The magnitude of an earthquake
can be roughly predicted as the shaking begins,
according to new research that promises to
provide several seconds of warning before the
brunt of a catastrophe strikes.
Earthquake prediction has proved
tricky.
Scientists can't pinpoint the timing of a
rupture to within days or even months or years.
But the new method provides an accurate glimpse
of what will happen in just a moment.
"We can determine the magnitude
within a couple of seconds of initiation of
rupture and predict the ground motion from
seconds to tens of seconds before it's felt,"
says Richard Allen, a seismologist at the
University of California, Berkeley.
If an automatic warning system
were set up, there might be time for school
children to dive under desks and others to
hunker down in doorways, Allen figures.
Waves come in waves
The prediction is made possible
by the fact that a typical earthquake sends out
three different types of waves, which Allen has
been studying for the past few years. He and
colleague Erik Olson of the University of
Wisconsin-Madison examined the seismic records
of 71 large temblors.
- Primary waves, or P waves,
come first. They move like a pressure wave,
typically creating a jolt. P waves are the least
destructive.
- Next comes a secondary wave, or S
wave. It shears the ground back and
forth and up and down.
- Then come surface waves, the most
destructive. They jerk the ground
sideways and later roll in like ocean waves.
The frequency of P waves is
related to the intensity of the eventual surface
waves, Allen and his colleagues have determined.
The idea flies in the face of
convention, which holds that a quake's outcome
depends on a cascade of unpredictable events
along a fault that occur after an initial
eruption.
The new results "imply that the
final magnitude of an earthquake depends at
least partially on what happens in its first few
seconds," says Rachel Abercrombie, an expert in
earthquake rupture at Boston University who was
not involved in the study.
While no two earthquakes
are alike, San Francisco would likely get 20
seconds or more of warning for a major temblor,
Allen said.
"It is not a perfect system,"
Allen told LiveScience.

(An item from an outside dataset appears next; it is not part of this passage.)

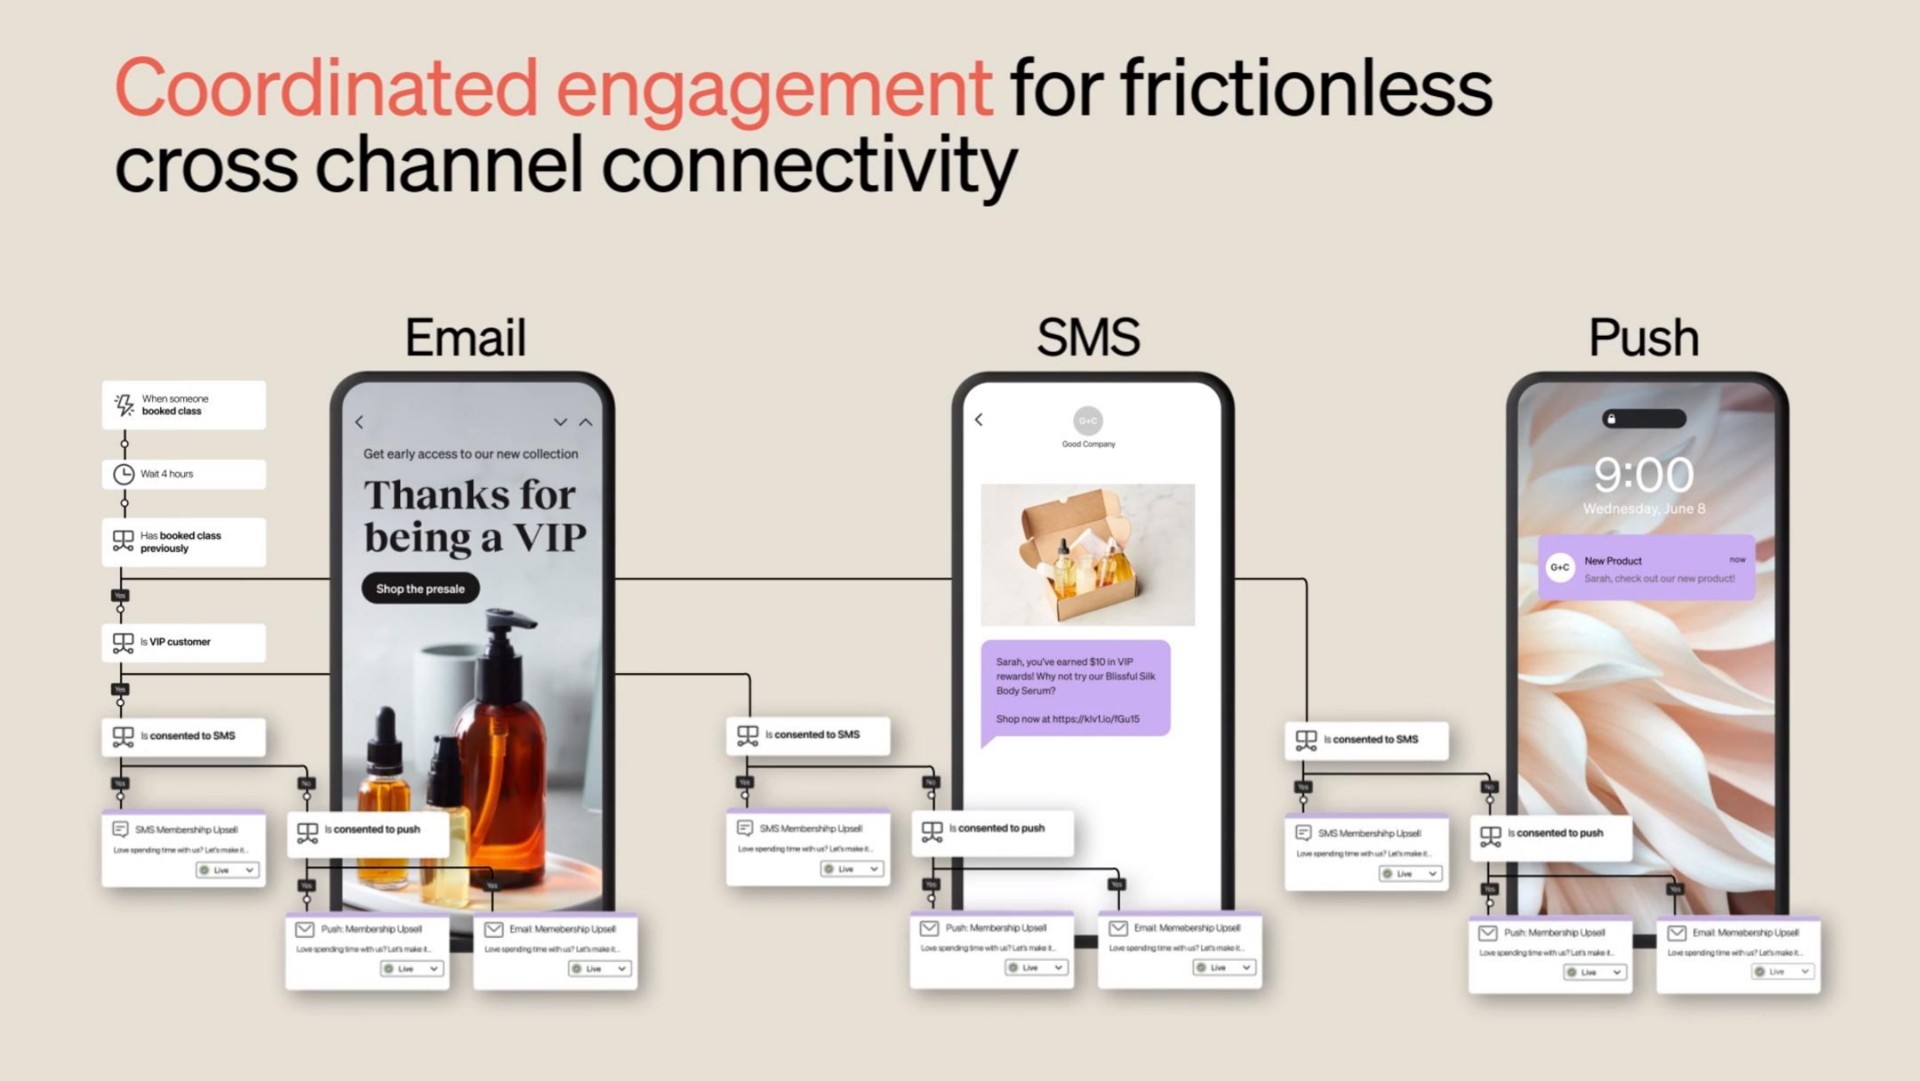 engagement for frictionless cross channel connectivity being a thanks for get early access to our new collection i consented to unset consent | Klaviyo

But he added
that all of the large-magnitude earthquakes his
team has studied "do show this characteristic of
the first few seconds" that allow a useful
prediction. "The magnitude estimates in the
study are within plus and minus 1 magnitude
unit. For some events the error will be greater
than others."
The science behind the idea is
detailed in the Nov. 10 issue of the journal
Nature.
Getting the word out
Another key to the prediction
system is that not
everyone sits atop the spot where an
earthquake originates, and the waves of an
earthquake travel much more slowly than the
light-speed communications that could send a
warning.
If a rupture occurs at the
extreme northern end of the 800-mile San
Andreas fault, for example, the shaking
could take 80 seconds, traveling about 2 miles
per second, to reach San Francisco. Such a
far-off event might not destroy the City by the
Bay. But no matter where the epicenter, there
would be a window for warning most of the
ultimate victims.
"It is more likely than not that
there would be greater than 20 seconds warning
for the earthquakes most damaging to the city of
San Francisco," Allen's team states on its web
site.
Allen said at least a year of
further testing is needed before a real warning
system could go live.
He envisions using the Internet
to transmit information of a quake. A computer
at the other end would interpret the warning for
the specific location and estimate timing and
intensity of the anticipated shaking. There
might be multiple warning methods.
"Cell phone towers could
determine the impact of the earthquake for the
area they cover and transmit a warning to the
cell phones within range," Allen said.
Allen is working with the U.S.
Geological Survey to determine how accurate the
warnings from his Earthquake Alarm Systems
(ElarmS) would be.